If the marijuana is to be stored for more than a few months, you can use a vacuum sealer (designed for storing food) to seal the marijuana in an airtight environment. If stored in a dark area that is between 40-55 degrees F, the marijuana in vacuum sealed plastic will remain potent for up to 5 years. 

Dry marijuana can be stored in a frost-free freezer, but some of the THC on the outer part of the buds may be damaged when frozen. A refrigerator is in the right temperature range but they tend to be humid (unless you can control the humidity). 

*If stored in* an area of high humidity for months or years, even vacuum sealed marijuana can eventually become as humid as the surrounding air. This will necessitate drying it again before smoking. But, unless mold develops, humidity itself will not degrade the THC or make the marijuana any less potent. 

Light will degrade some of the THC, so dark containers can be used for storage. If you place the marijuana in a see through container, it will have to be located in a dark area that is not exposed to light or high temperatures. 

Always make sure to properly dry your marijuana prior to storage, if you grow your own or if the stuff you have is very moist. And remember that to preserve marijuana potency at a maximum level, keep any exposure to air, heat, and light at a minimum.


----------



## jjf1978 (May 11, 2009)

Brick Top said:


> Doesn't anyone use the search function here to see if their question has already been answered about a ZILLION times already?

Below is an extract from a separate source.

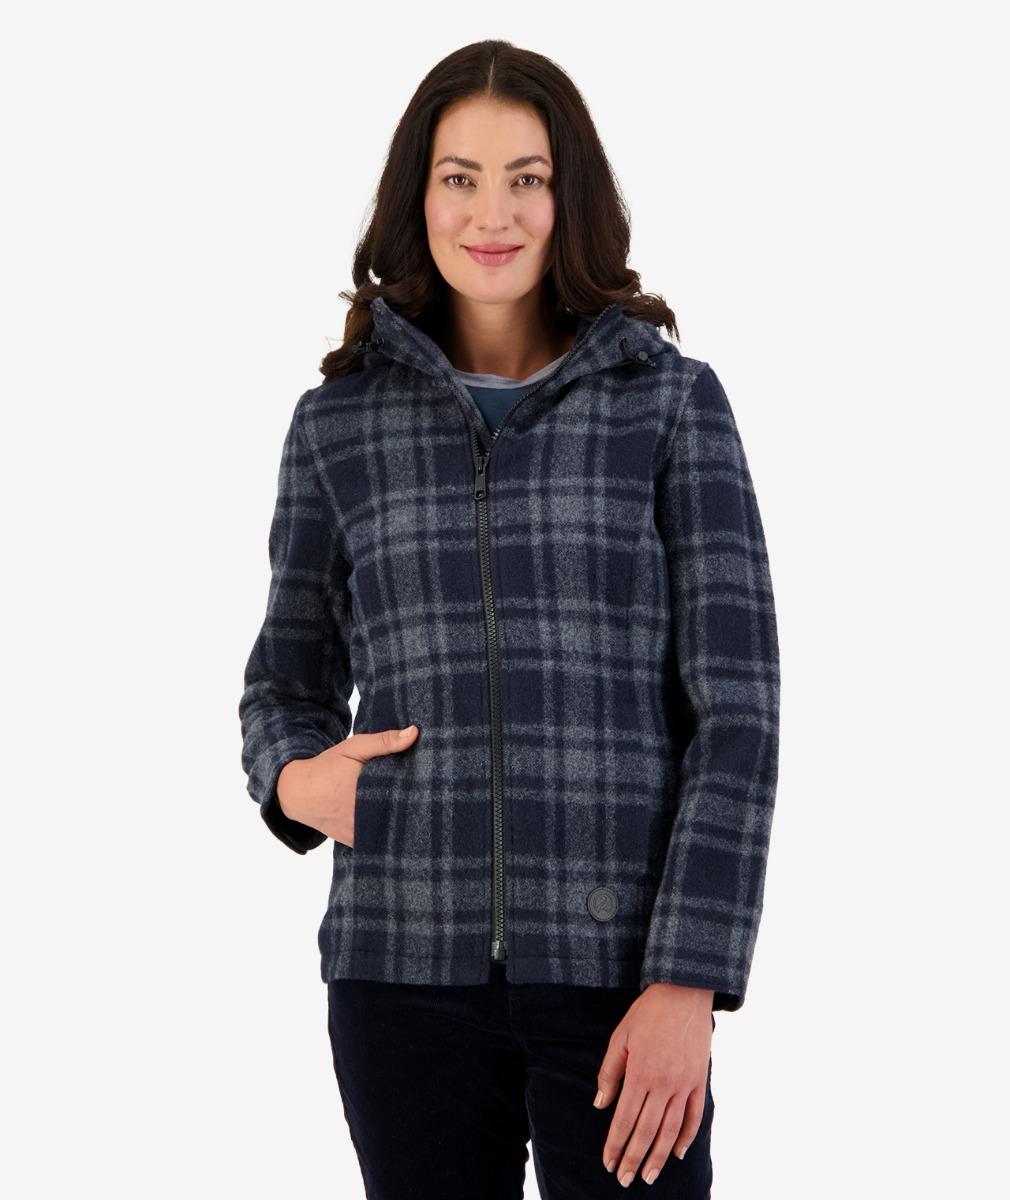 Seattle Women's Wool Hoody Charcoal Grid Check
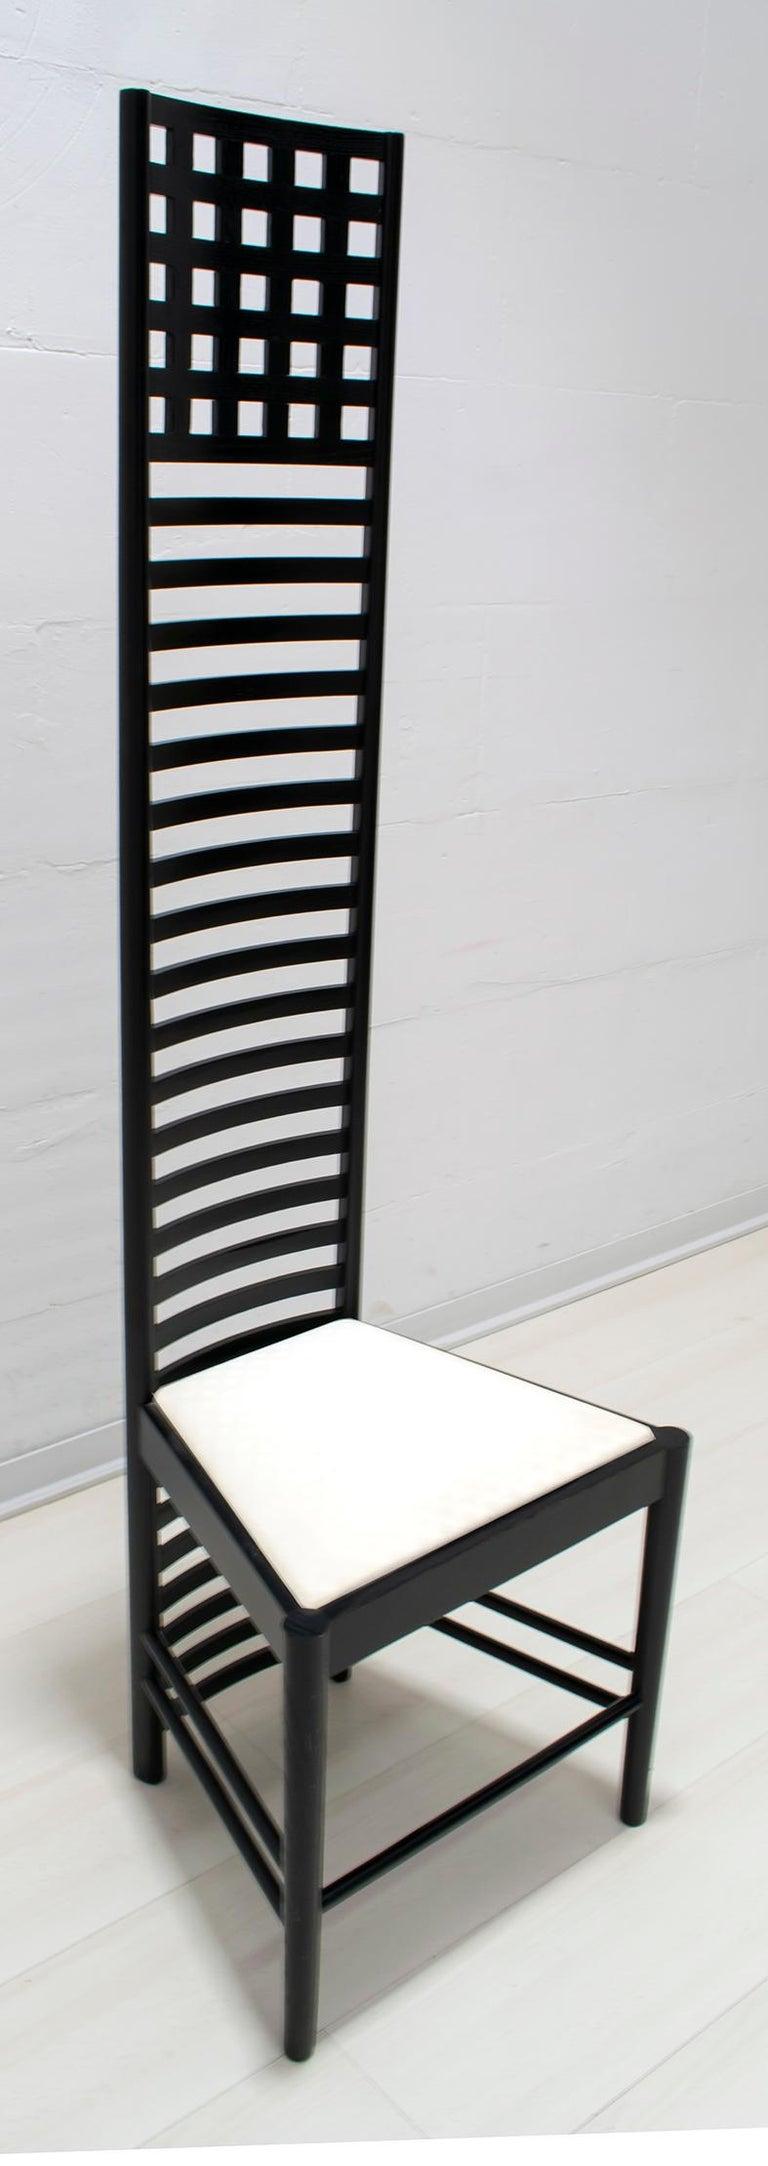 Art Nouveau Charles Rennie Mackintosh High Back Chairs

Sure we do at times, it's just easier to post a question because we know some pompous angry guy is gonna complain about how it already exists and possibly how stuipd you are for posting a question like that, but he'll go ahead and post it FOR you to prove he's right. Win win situation, the angry pompous guy feels better about himself because he feels he proved someone else is stupider then him and we get our question answered!


----------



## nitroman (May 11, 2009)

jjf1978 said:


> Sure we do at times, it's just easier to post a question because we know some pompous angry guy is gonna complain about how it already exists and possibly how stuipd you are for posting a question like that, but he'll go ahead and post it FOR you to prove he's right. Win win situation, the angry pompous guy feels better about himself because he feels he proved someone else is stupider then him and we get our question answered!


lmmfao 1978 now thats my kinda thinking rotflmmfao


----------



## jjf1978 (May 11, 2009)

nitroman said:


> lmmfao 1978 now thats my kinda thinking rotflmmfao


----------



## kingc (May 16, 2009)

lol good one


----------



## duguP (Sep 16, 2009)

whoa whoa...Brick has like 40 years of experience in the field. You should thank him for answering your question, instead of insulting him because he called out your laziness.


----------



## jjf1978 (Sep 16, 2009)

duguP said:


> whoa whoa...Brick has like 40 years of experience in the field. You should thank him for answering your question, instead of insulting him because he called out your laziness.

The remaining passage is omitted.